Quite frankly, things could get ugly.

“It’s been ugly for us all the way,” Gibbs responded. “Yeah, we’ve got a tough schedule, a tough deal.”

That Washington appears unlikely to improve much, if at all, upon last year’s 5-11 record is striking considering the expectations that swelled during the offseason. Besides re-hiring Gibbs, the architect of the organization’s three Super Bowl wins, the Redskins went on another wild personnel spree, compiling an NFL-record payroll in the $110million range.

By the time training camp opened in late July, there was talk Washington might make a playoff run. Such an achievement now seems all but impossible. Players, however, aren’t quite ready to start refocusing their goals.

“Basically, what we’re trying to do is win a game by any means necessary,” cornerback Fred Smoot said. “We don’t care how we win — ugly win, pretty win. It doesn’t really matter. We’re trying to get on the right track.”

But after engaging in a discussion of “rebuilding years,” Smoot decided that this should, indeed, be considered one. That perception hasn’t taken hold largely because, under owner Dan Snyder, each of the past six seasons has been hyped as a playoff year. In retrospect, Smoot believes everyone should have known better about 2004.

“When people saw Joe Gibbs coming back, bam!” Smoot said. “But come on, Coach hasn’t coached in awhile. He’s got to get back and catch up with the times. From that, here comes the new players. The players have to learn him. People thought, ‘We’ve got the championship-maker back.’ But he had to come in and find out which players he wanted. I think it is a true rebuilding year.”

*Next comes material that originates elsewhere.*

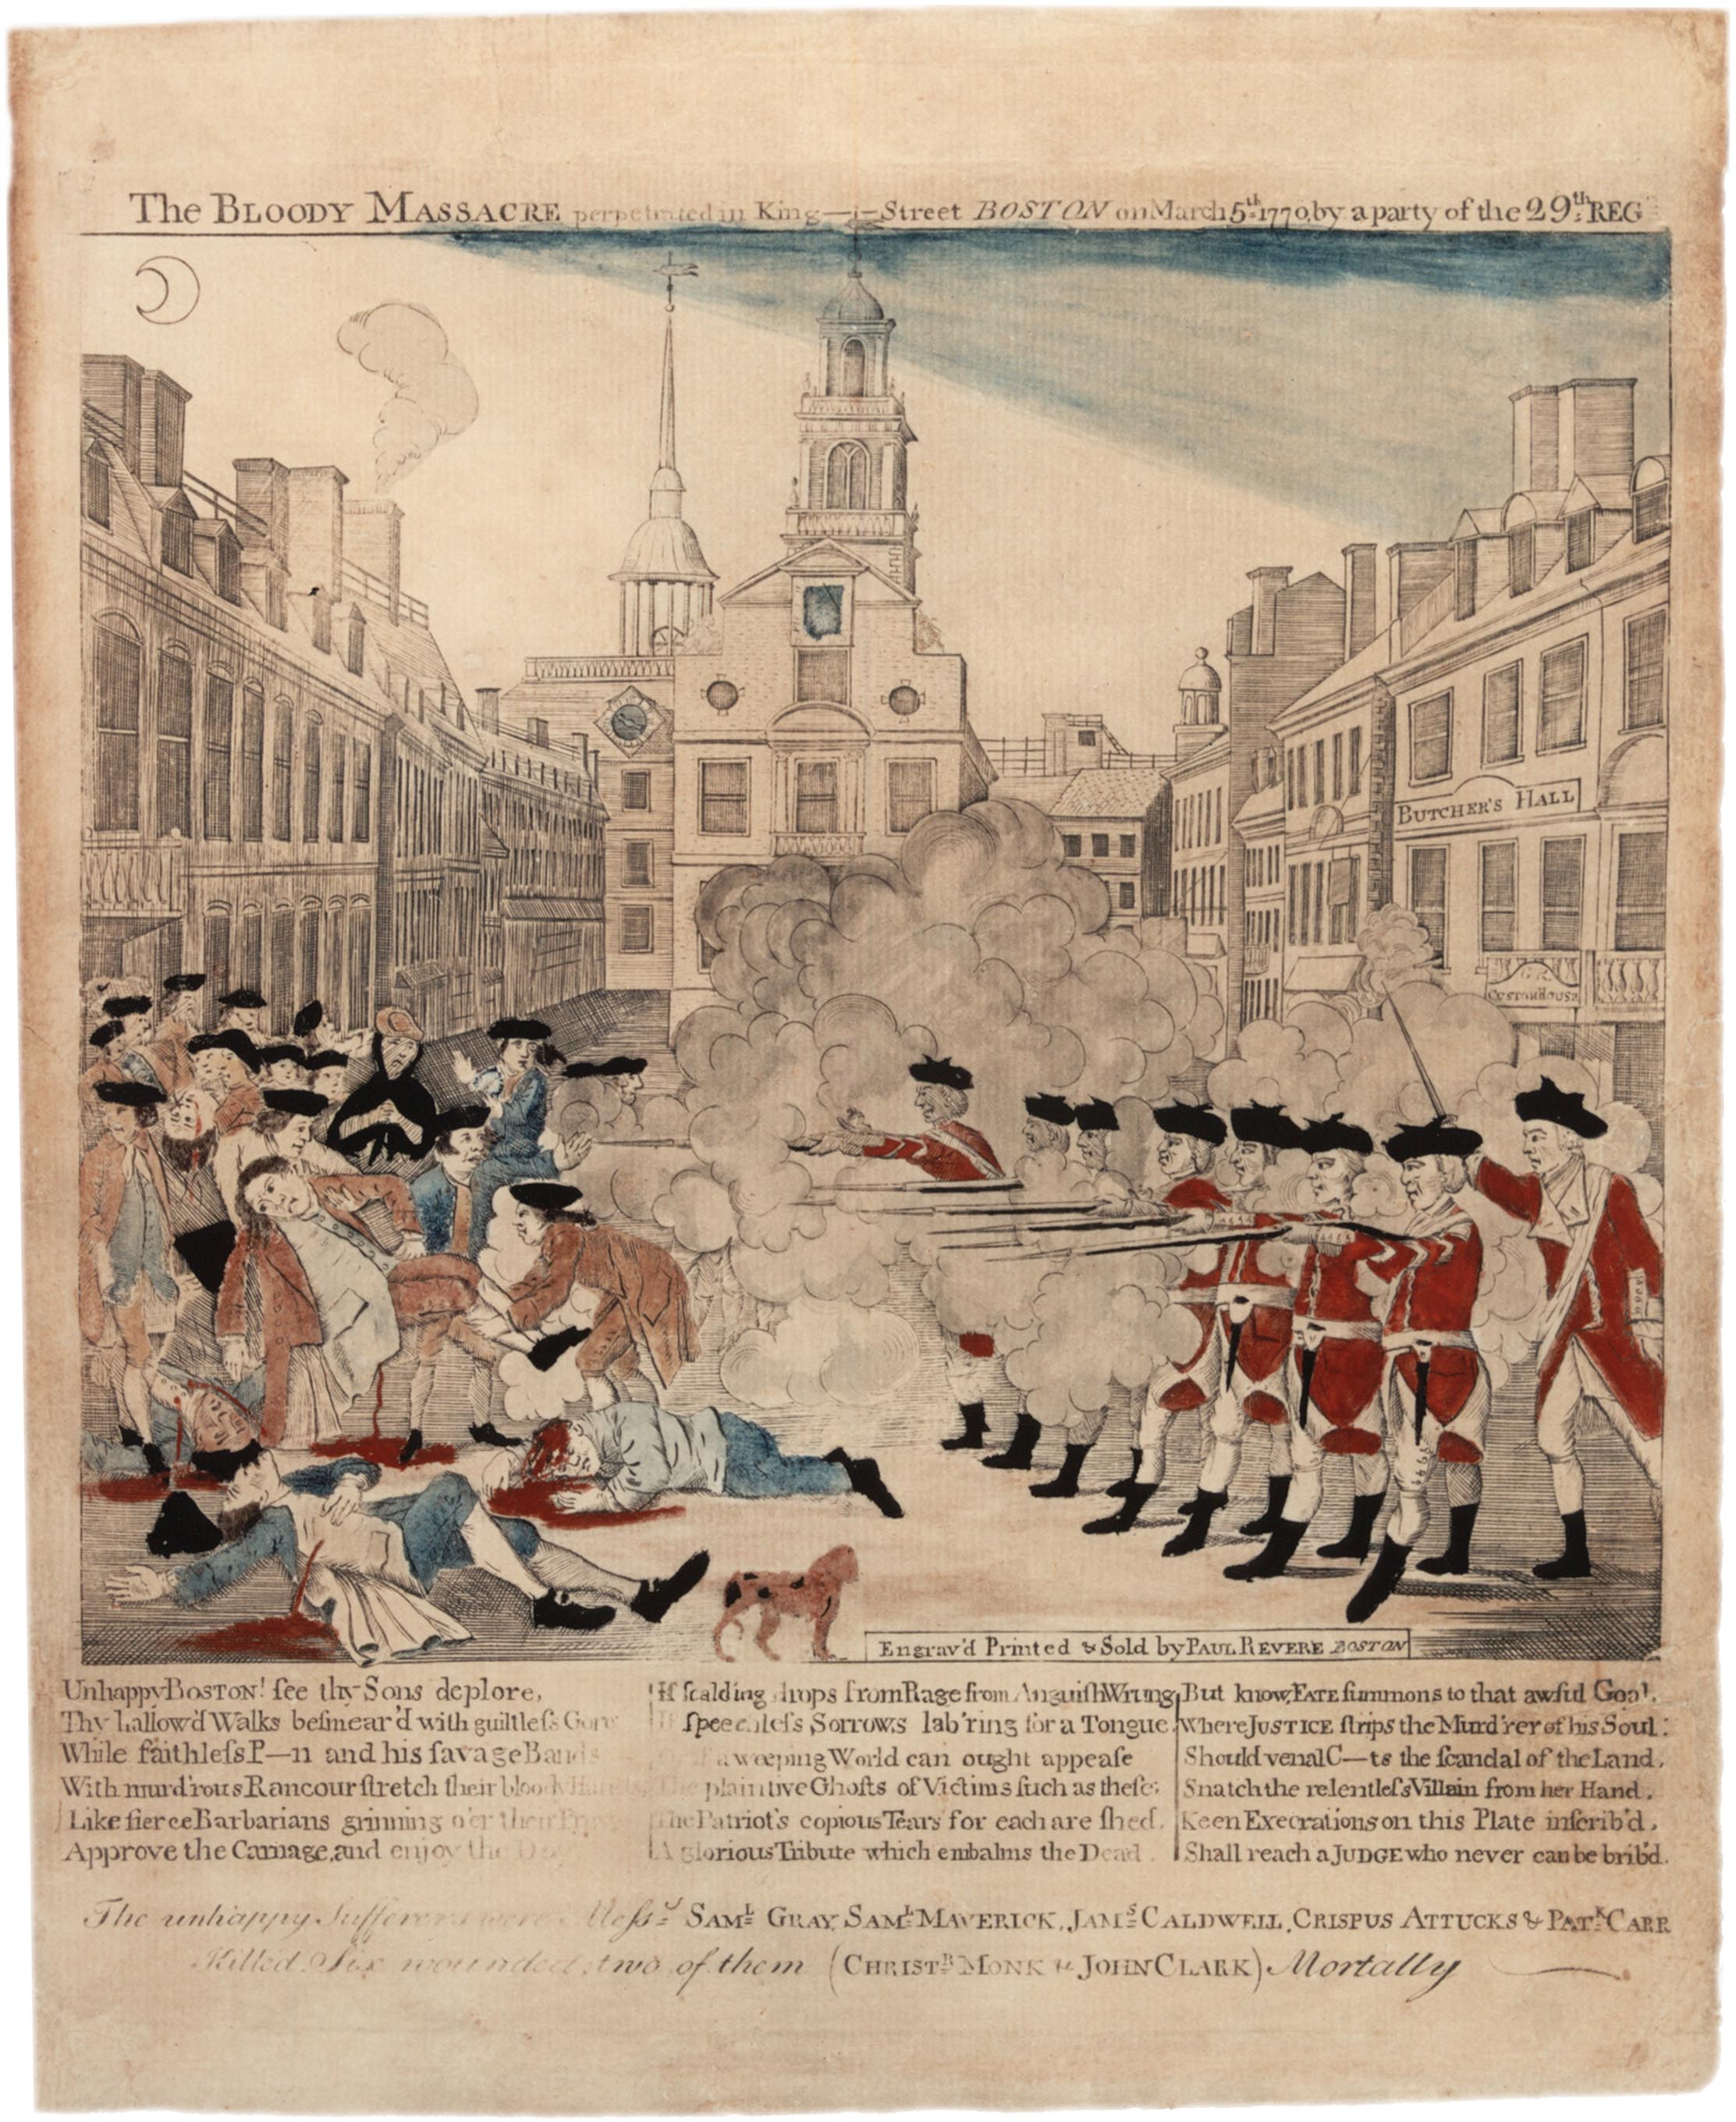 Why Was the Boston Massacre Important? - Lesson for Kids - Video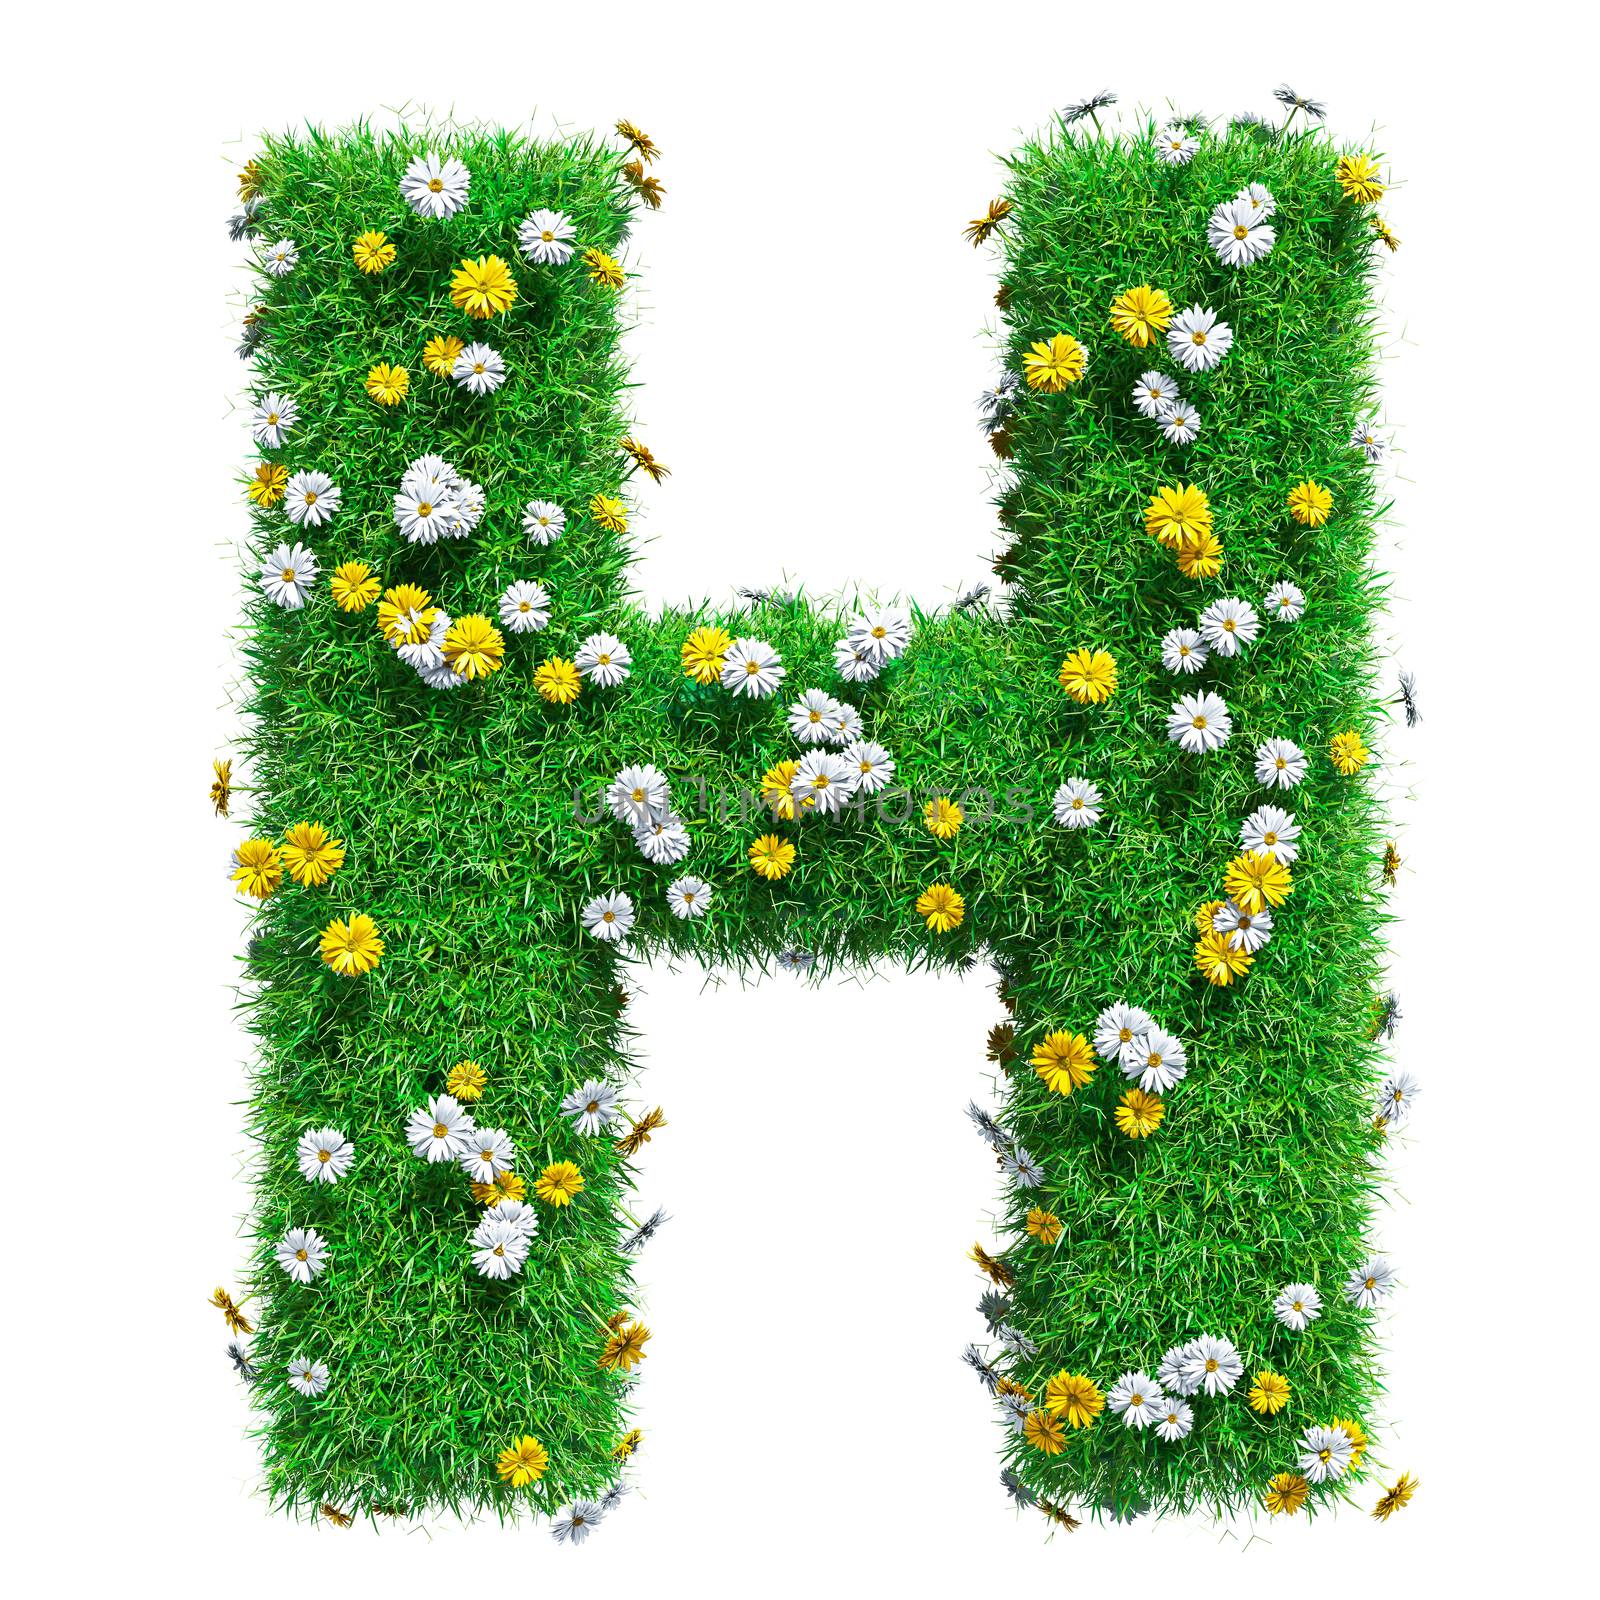 Letter H Of Green Grass And Flowers. Isolated On White Background. Font For Your Design. 3D Illustration

Gibbs wasn’t willing to engage in semantics yesterday, saying he’s too focused on this week to worry about whether this is a rebuilding season. But the distinction could be crucial. Although there aren’t a lot of positions at which Gibbs could start inserting younger players, there is a key one — and fans let him know it last weekend.

In Washington’s loss to the Green Bay Packers, fans chanted for third-year quarterback Patrick Ramsey. Gibbs continues to defend veteran starter Mark Brunell, and yesterday the coach again showed no sign of considering a change — even when presented the more oblique question about a general shift toward youth.

“We’re pretty young already,” Gibbs said. “And to me, I want to get that core group of guys that we’re going to build around. Through all this heartache and pain, you study guys, and I’m going to be loyal to that group. I’m looking to take that group — and however many [players] that is, I think we’ve got a bunch — and build around it.”

Brunell, for one, claims literally not to know what opponent follows Detroit (the Marvin Lewis-coached Cincinnati Bengals). As for refocusing this season’s goals, Brunell emphatically said it’s not time to give up on the playoffs.

“Not at all,” Brunell said. “At some point perhaps. But now is not the moment.”

To be sure, teams have rallied from similar points. The Tennessee Titans, for example, rebounded from a 1-4 start in 2002 to reach the AFC Championship game by winning 10 of their final 11 games. And Daniels’ Chicago Bears last season went from 1-5 to 7-9. If not for a pair of two-point losses in November, Chicago might have made the playoffs.

So Daniels holds out hope — even as fans chant for a quarterback switch, talk of a rebuilding year grows and a veritable Murderers’ Row sits on the board in his meeting room.

“We’ll continue to take it one game at a time and see what happens,” Daniels said. “If it was meant to be, it’ll happen. If not, we’ll come back next year even stronger.”